Oh, and later, the zombies somehow manage to swim across the water to Alcatraz, where these slow, shambling things manage to outrun the humans and massacre a delightful number despite moving at the speed of a geriatric granny. How did so many zombies get into a prison facility anyway? Do these morons leave every door and window open, maybe to air the place? Why do they keep all their weapons locked away so that it takes what seems like one hour to locate and retrieve them when they are attacked? Wait, I don’t want to know.

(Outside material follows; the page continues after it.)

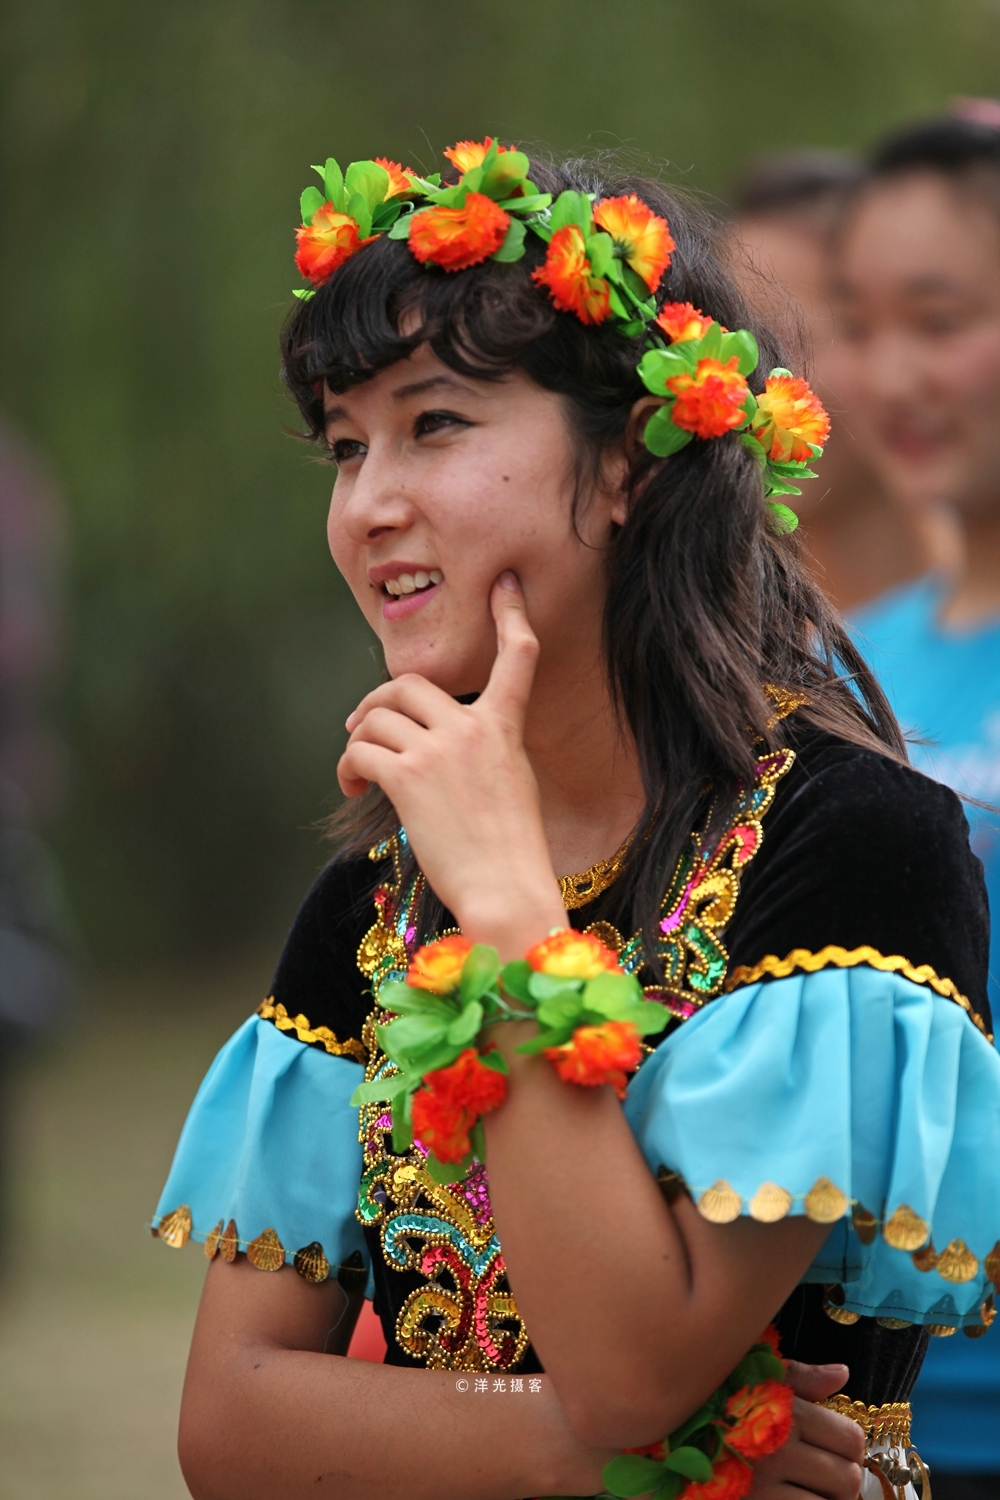 新疆小县城人口不到20万,由25个民族组成,街上女孩犹如联合国

The humans in this story are so hopelessly bad at surviving – to the point that a single one-armed zombie can take down a bunch of heavily armed people just because – that it is actually a kind of mercy culling to be rid of these useless sods. Any stupid decision that one can do, these people would do without hesitation. From just sitting in a prison cell – without even trying to pull the gates shut – so that the zombies can come in and bite that stupid, screaming idiot to everyone being apparently uniformly deaf and blind because the slow, shambling zombies never encounter any problem in sneaking up from behind these idiots – every human here deserves to die. Oh, and don’t forget that idiot who unnecessarily sacrifices herself without actually accomplishing anything other than to demonstrate that it is better to die than to be a moron. Speaking of that one, it’s nice that sitting on a trolley and having it crash into a bus can cause such a lovely explosion – I didn’t know buses are that volatile to impact!

Oh, and my favorite scene. Look, we have the zombie vaccine! But first, let’s chop off the man’s arm, above where he was bitten, and then we administer it!

Mariel Hemingway plays the lead in such a shrill and unlikable way that it’s the final blade into my heart to realize that the most death-worthy idiot in the movie is one of the few who don’t become zombie chow. Oh, and don’t have high hopes of Danny Trejo being kick-ass cool here. His character dies in such a humiliating manner, Mr Trejo is fortunate that this movie is not going to be widely viewed or remembered, or he’d never live that one down.

If Rise of the Zombies demonstrates anything, it’s that it is time to run away screaming when SyFy and The Asylum decide to work together.